**The task**
Although the listing contains pictures, reproduce only its text, exactly as written.

**Available data**
——

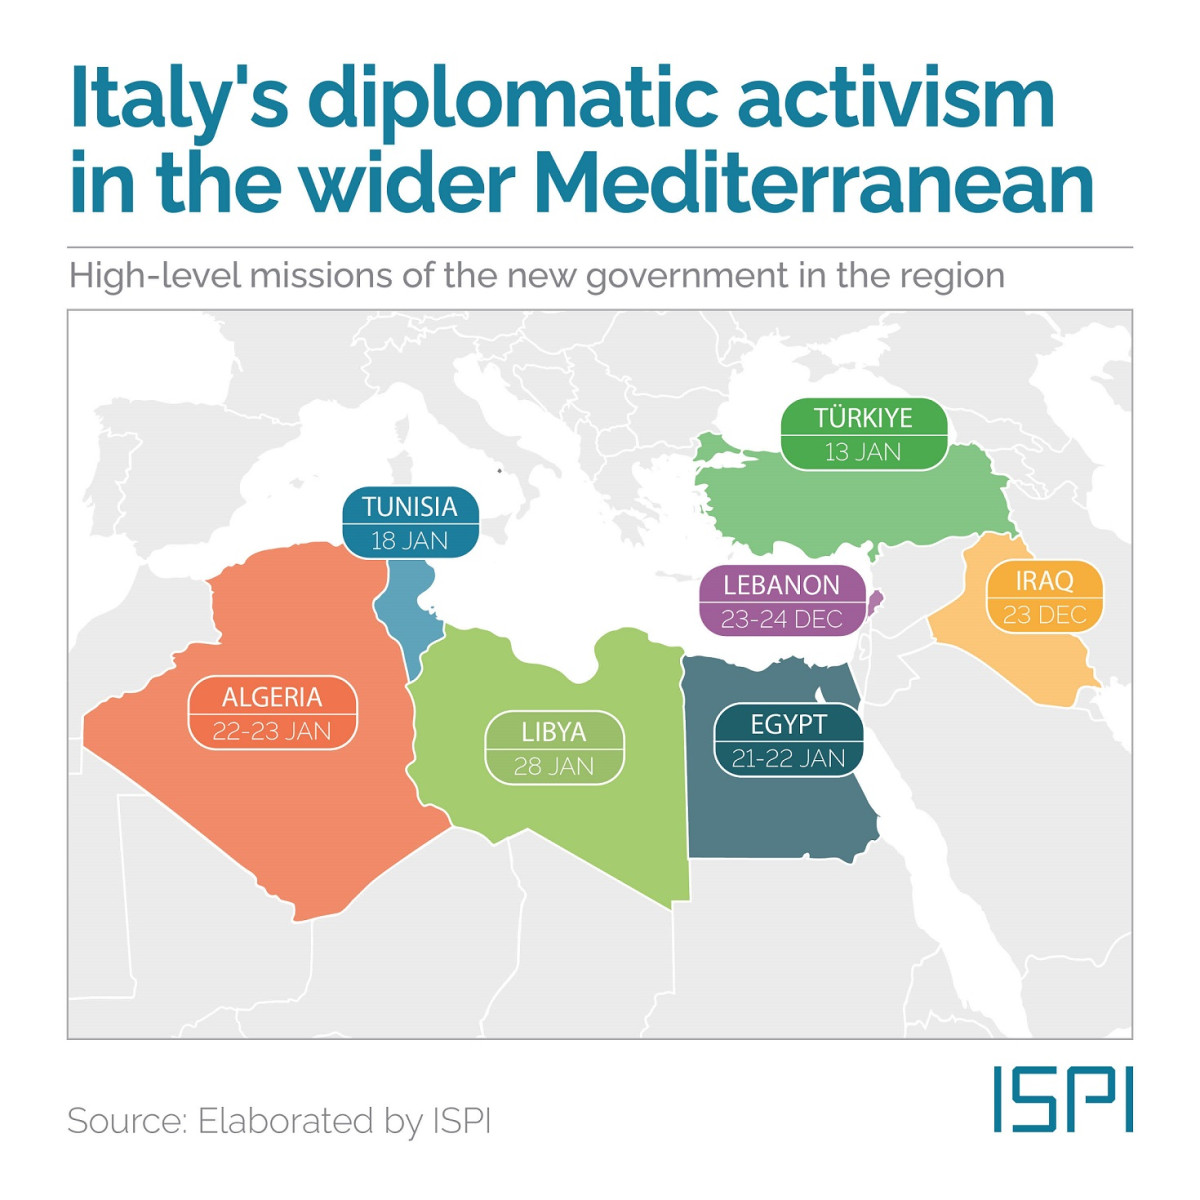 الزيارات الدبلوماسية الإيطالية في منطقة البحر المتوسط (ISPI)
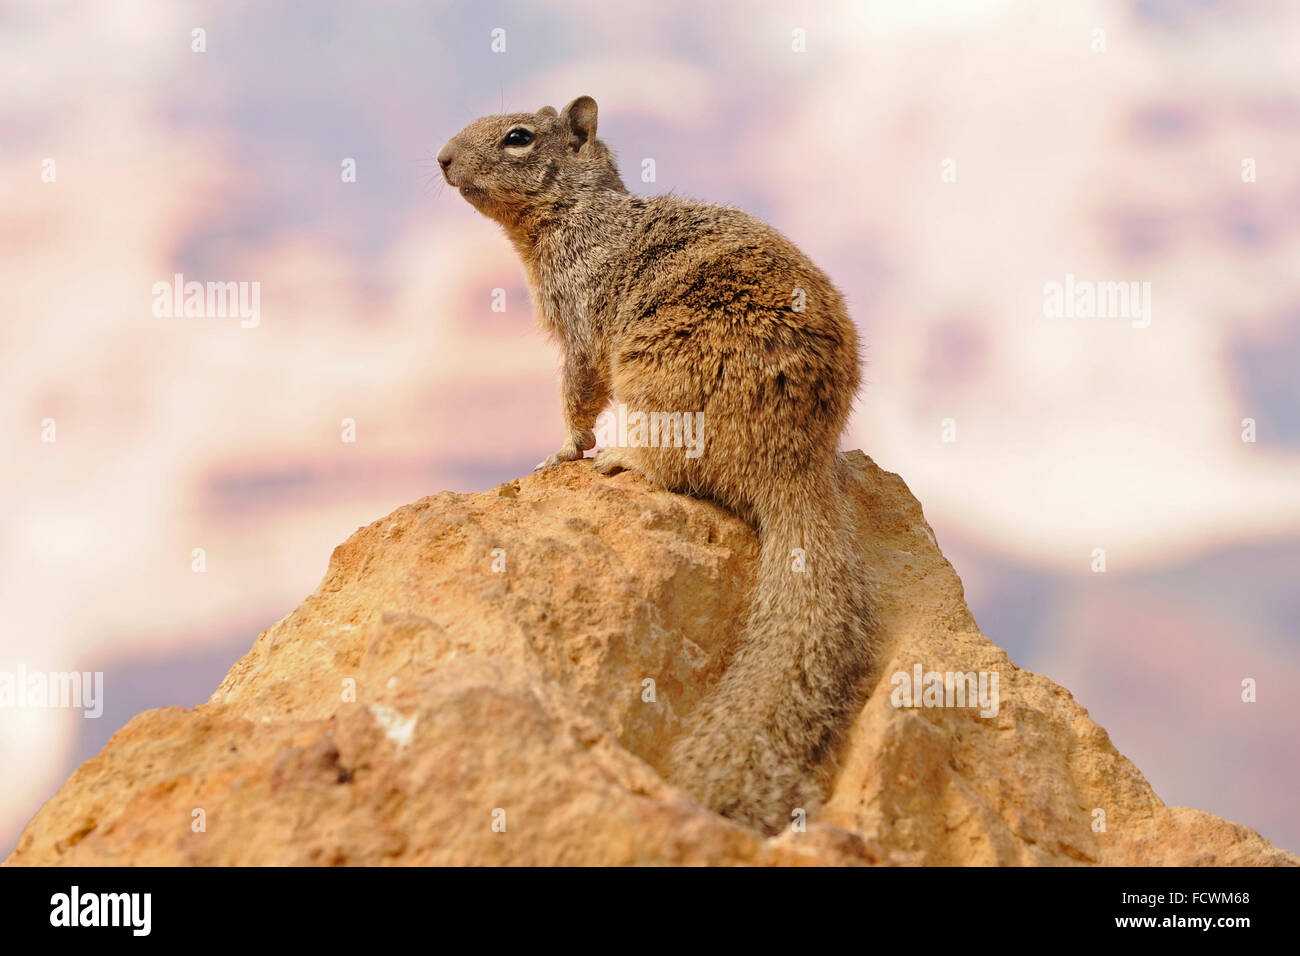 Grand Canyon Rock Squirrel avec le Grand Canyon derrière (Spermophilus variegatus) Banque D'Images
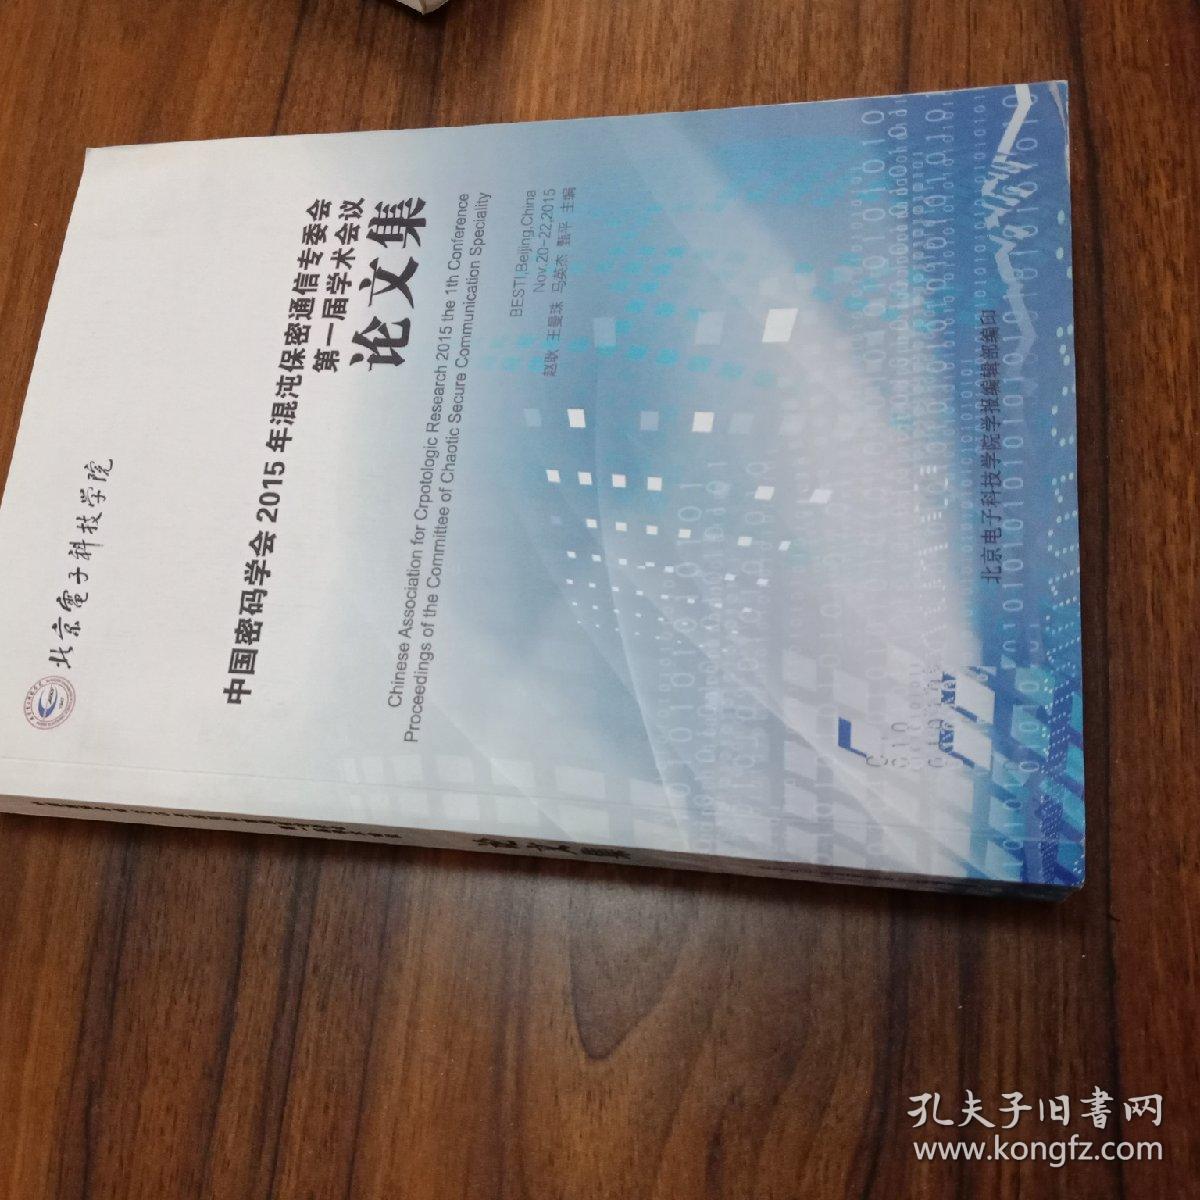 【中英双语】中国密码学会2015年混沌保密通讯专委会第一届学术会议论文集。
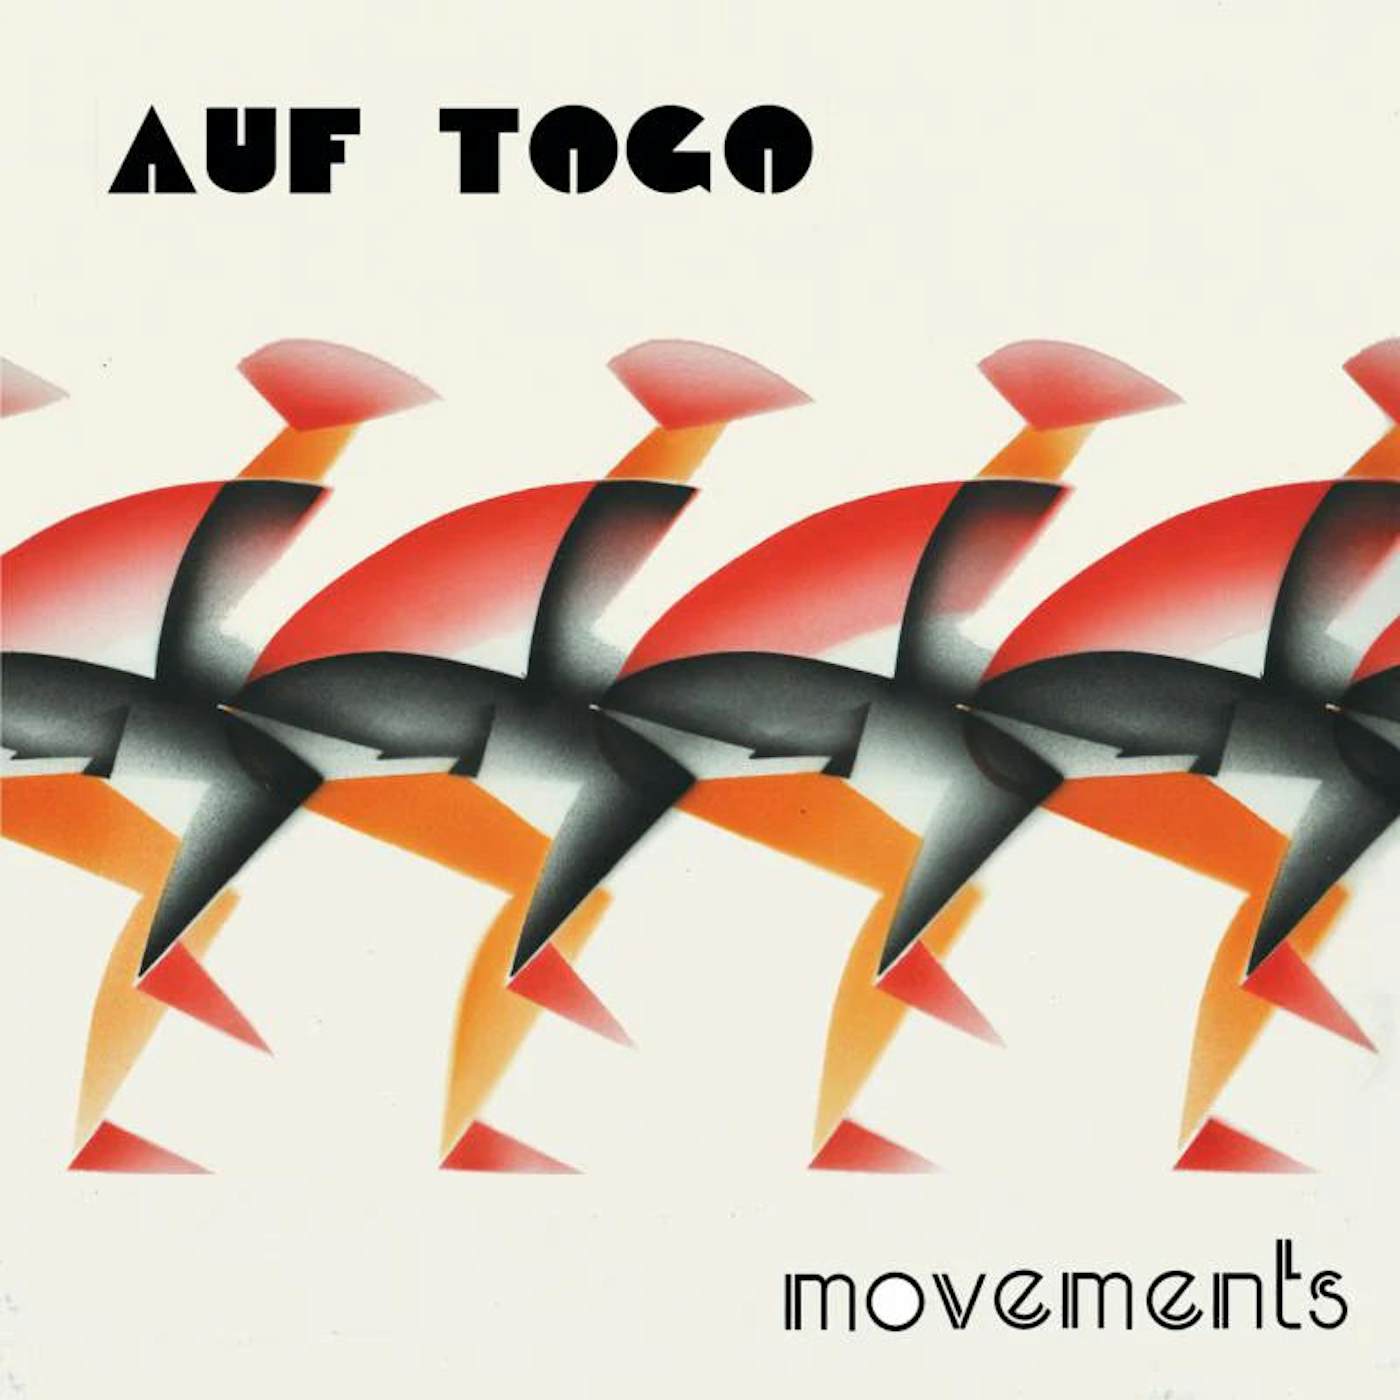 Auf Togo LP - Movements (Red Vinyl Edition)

——

**Exercise output**
 الزيارات الدبلوماسية الإيطالية في منطقة البحر المتوسط (ISPI)
 Grand Canyon Rock Squirrel avec le Grand Canyon derrière (Spermophilus variegatus) Banque D'Images
 【中英双语】中国密码学会2015年混沌保密通讯专委会第一届学术会议论文集。
 Auf Togo LP - Movements (Red Vinyl Edition)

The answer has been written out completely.